[Opening Data section]

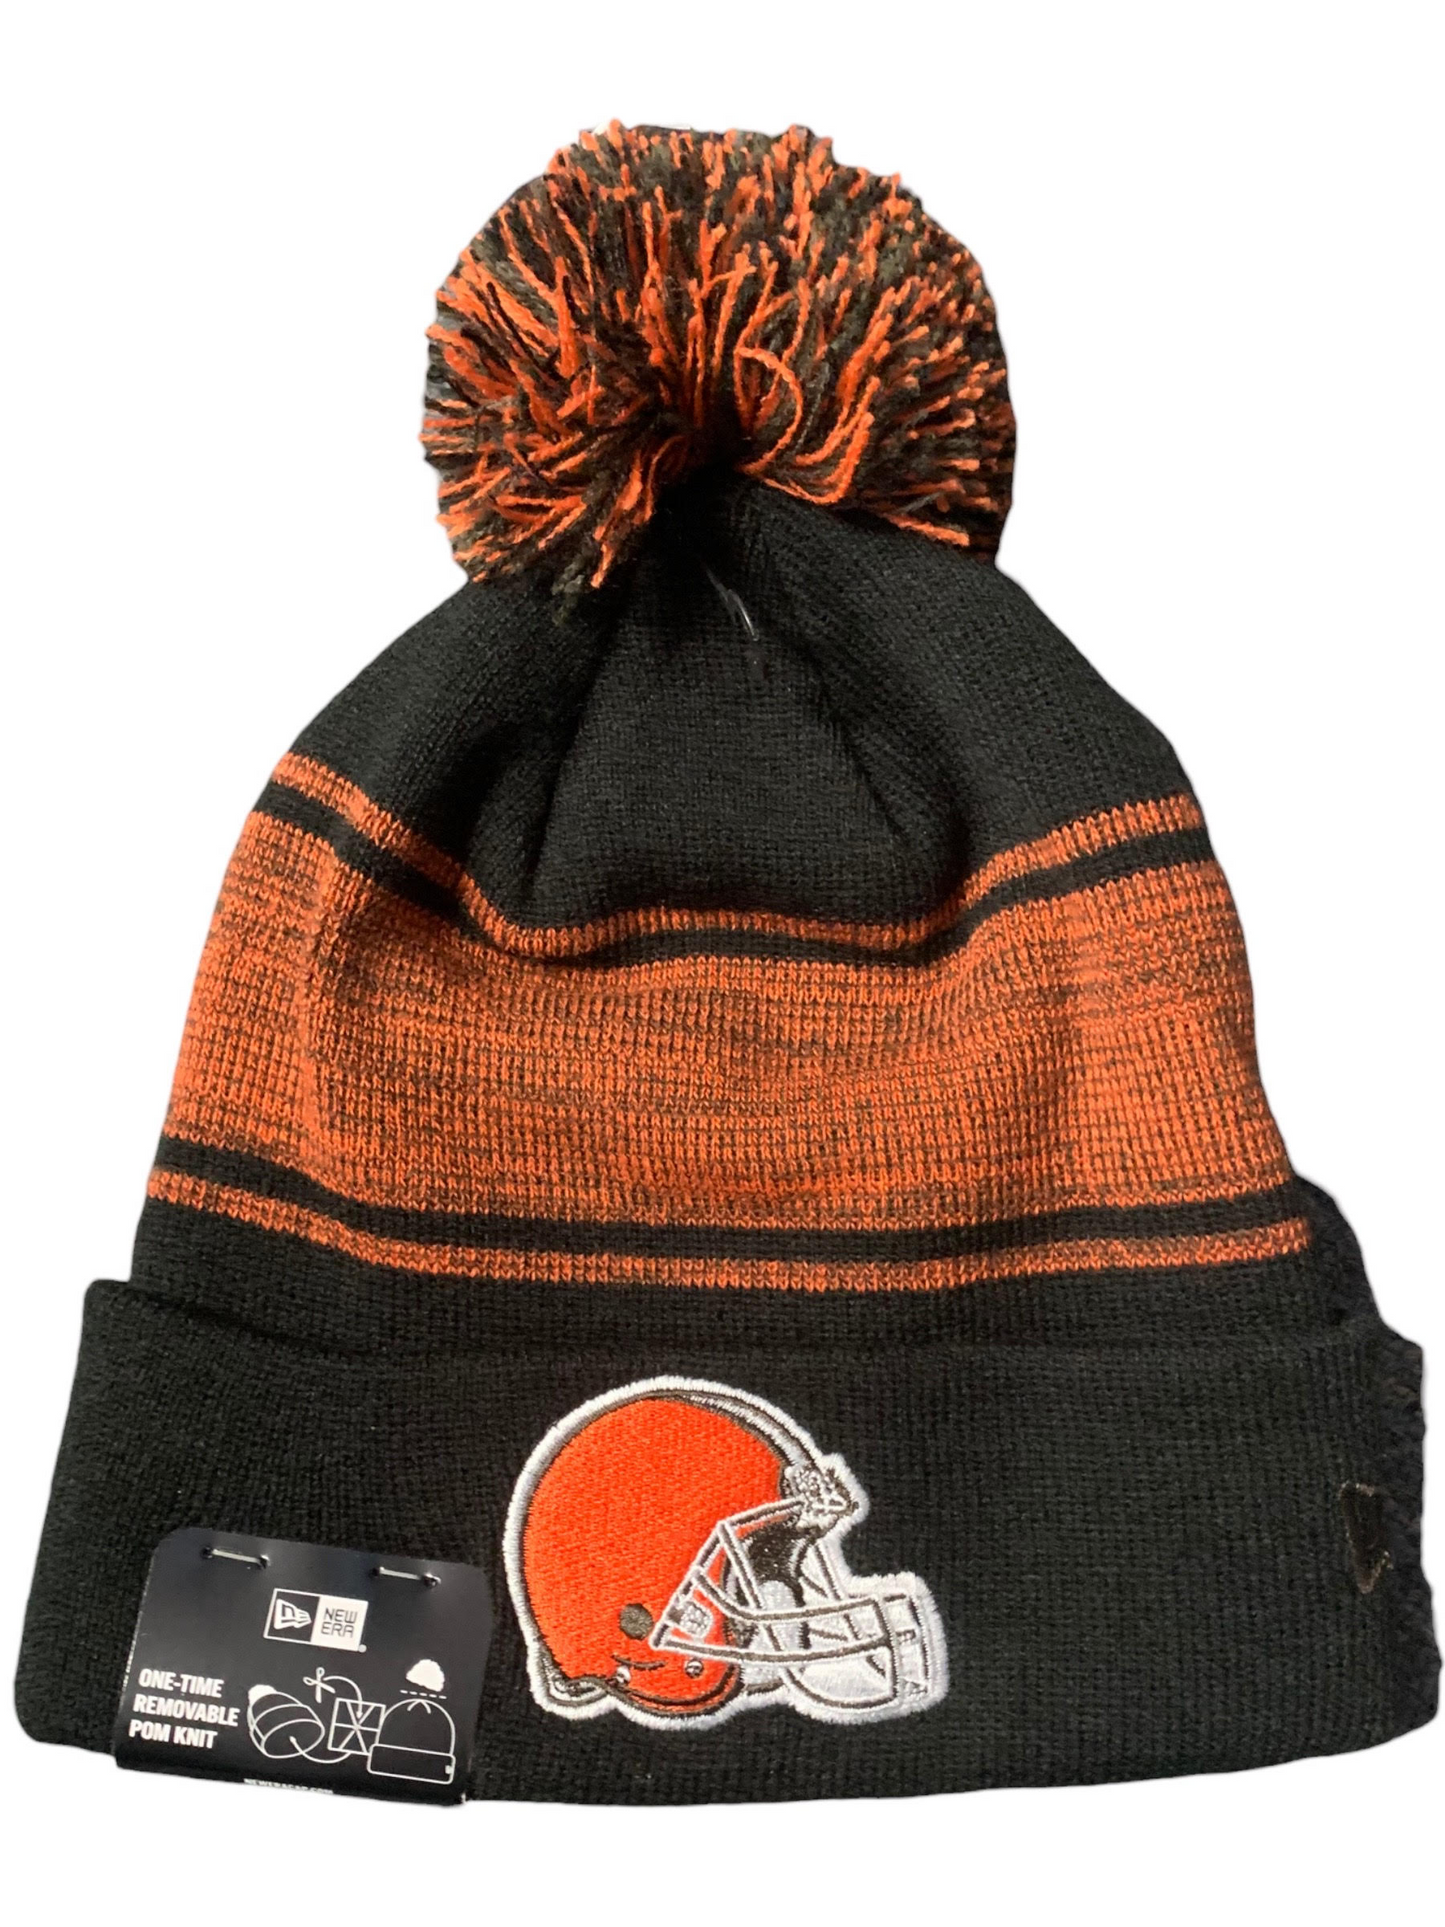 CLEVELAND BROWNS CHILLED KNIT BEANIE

[Closing Data section]
[Opening Data section]

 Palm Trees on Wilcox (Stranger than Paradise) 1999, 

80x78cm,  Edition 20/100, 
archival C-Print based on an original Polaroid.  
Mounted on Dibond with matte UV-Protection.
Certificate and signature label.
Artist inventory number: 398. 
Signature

[Closing Data section]
[Opening Data section]

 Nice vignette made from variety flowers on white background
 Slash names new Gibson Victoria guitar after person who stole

[Closing Data section]

▸ **Exercise details**:
The lines above from the one with "Nice vignette made" through the one with "Slash names new" are to be duplicated exactly, ends included, with nothing added.

▸ **Finished task**:
 Nice vignette made from variety flowers on white background
 Slash names new Gibson Victoria guitar after person who stole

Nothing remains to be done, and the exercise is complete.